In addition, there are two new commands for graphing results from a
correspondence analysis:
- cabiplot produces a biplot of each row category and
each column category; see [MV] ca postestimation.
- caprojection produces a graph that shows the ordering of row
categories and column categories on each principal dimension of the
analysis. Each principal dimension is represented by a vertical line;
markers are plotted on the lines where the row categories and column
categories project onto the dimensions; see [MV] ca postestimation.
predict after ca and camat computes fitted values and
row or column scores for any dimension; see [MV] ca postestimation.
- The new command procrustes performs Procrustean analysis for
comparing and measuring the similarity between two sets of variables:
source and target. Two datasets can also be compared if the datasets
are first merged by record.
The following new estat commands work after procrustes and
provide additional statistics and results:
- estat compare reports fit statistics of the three
transformations available in Procrustean analysis: orthogonal,
oblique, and unrestricted.
- estat mvreg reports the multivariate regression that is
related to the current Procrustean analysis.
- estat summarize reports summary information of the two
sets of variables over the estimation sample.
See
[MV] procrustes postestimation for more information.
New command procoverlay after procrustes creates an
overlay graph comparing the target variables with the fitted values derived
from the source variables; see [MV] procrustes postestimation.
predict after procrustes produces fitted values for all
variables, residuals for all variables, or residual sums of squares for a
specified target variable; see [MV] procrustes postestimation.
- New command biplot performs a biplot analysis of a dataset and
produces a two-dimensional biplot of the results. A biplot simultaneously
displays the observations (rows) and the relative positions of the
variables (columns). Observations are projected to two dimensions such
that the distance between the observations is approximately preserved.
The variables are plotted as arrows, with the cosine of the angle between
the arrows approximating the correlation between the variables. See [MV] biplot.
- New command tetrachoric computes a tetrachoric correlation
matrix for a set of binary variables. tetrachoric is
documented in [R] but often used in multivariate analyses;
see [R] tetrachoric.
tetrachoric results can be used in subsequent factor analyses or
principal component analyses using the new [MV] factormat and [MV] pcamat commands.
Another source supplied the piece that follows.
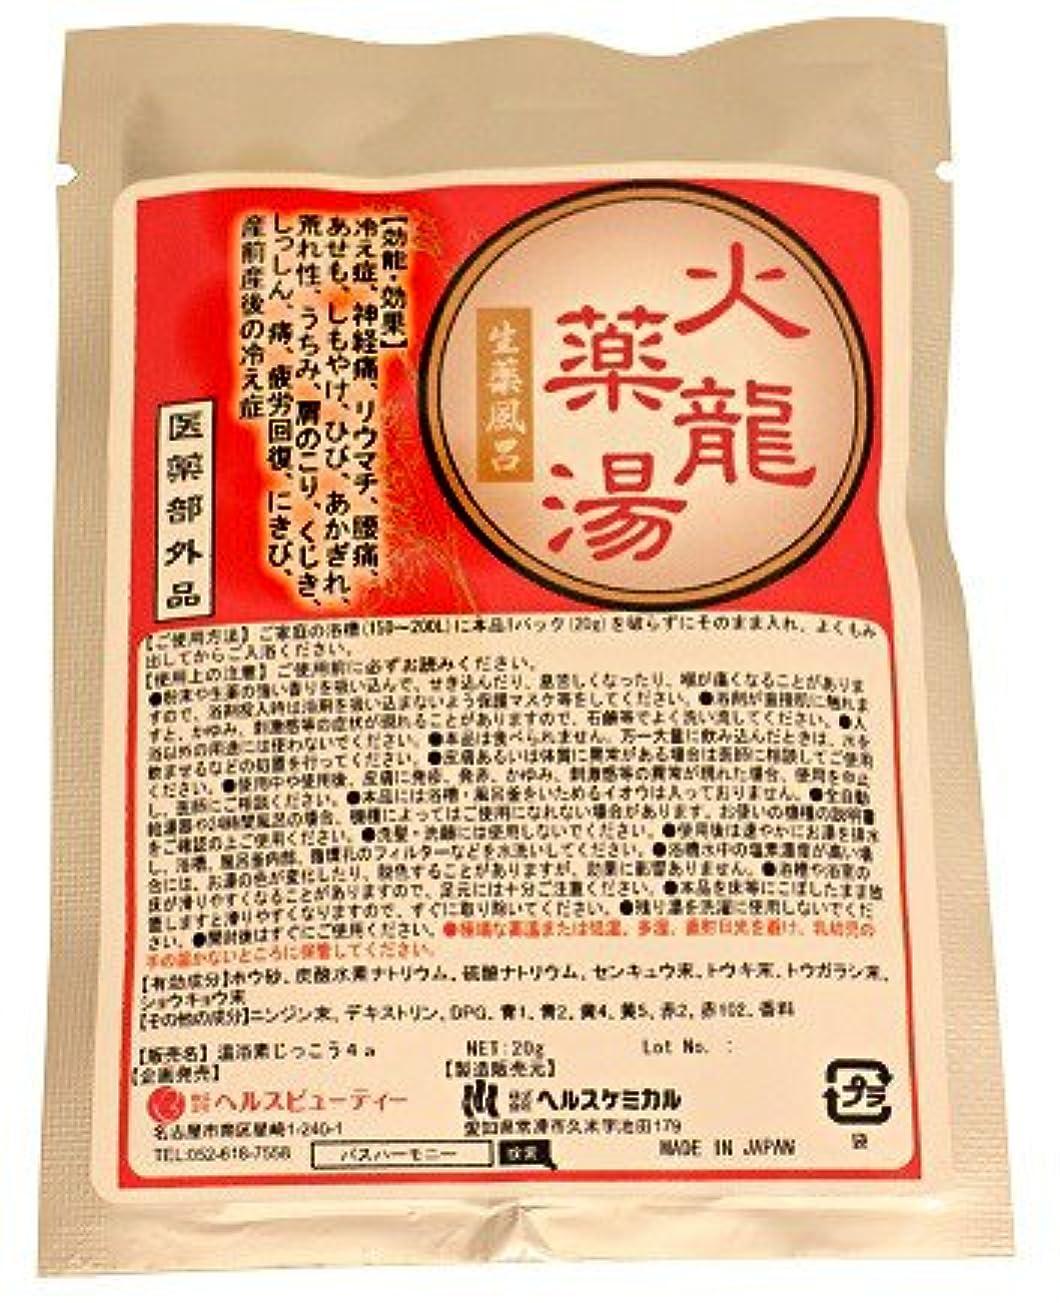 溝トランスペアレントトランスペアレント火龍 薬湯 分包 タイプ 1回分 生薬 薬湯 天然生薬 の 香り 医薬部外品

- Existing command canon now allows analysis and presentation of
more than one linear combination and has new options for reporting the raw
or standardized coefficients and for reporting significance tests of the
canonical correlations; see [MV] canon.
The following new estat commands work after canon and
provide additional statistics and results:
- estat correlations reports the correlations among all
variables.
- estat loadings reports the matrices of canonical loadings.
See [MV] canon postestimation for more information.
- Existing command cluster dendrogram has many new features,
including horizontal dendrograms and the ability to label branch counts.
The look of the graph can now be changed (titles, axes, colors, etc.);
see [MV] cluster dendrogram.
- The existing hierarchical cluster commands have new option measure()
that specifies the proximity measure to use in computing dissimilarities
between observations. Any of 33 measures may be specified; see
[MV] measure_option. Previously most of the measures were
available under other option names; those options continue to work but are
undocumented. See [MV] cluster.
- Existing command cluster stop has new option varlist()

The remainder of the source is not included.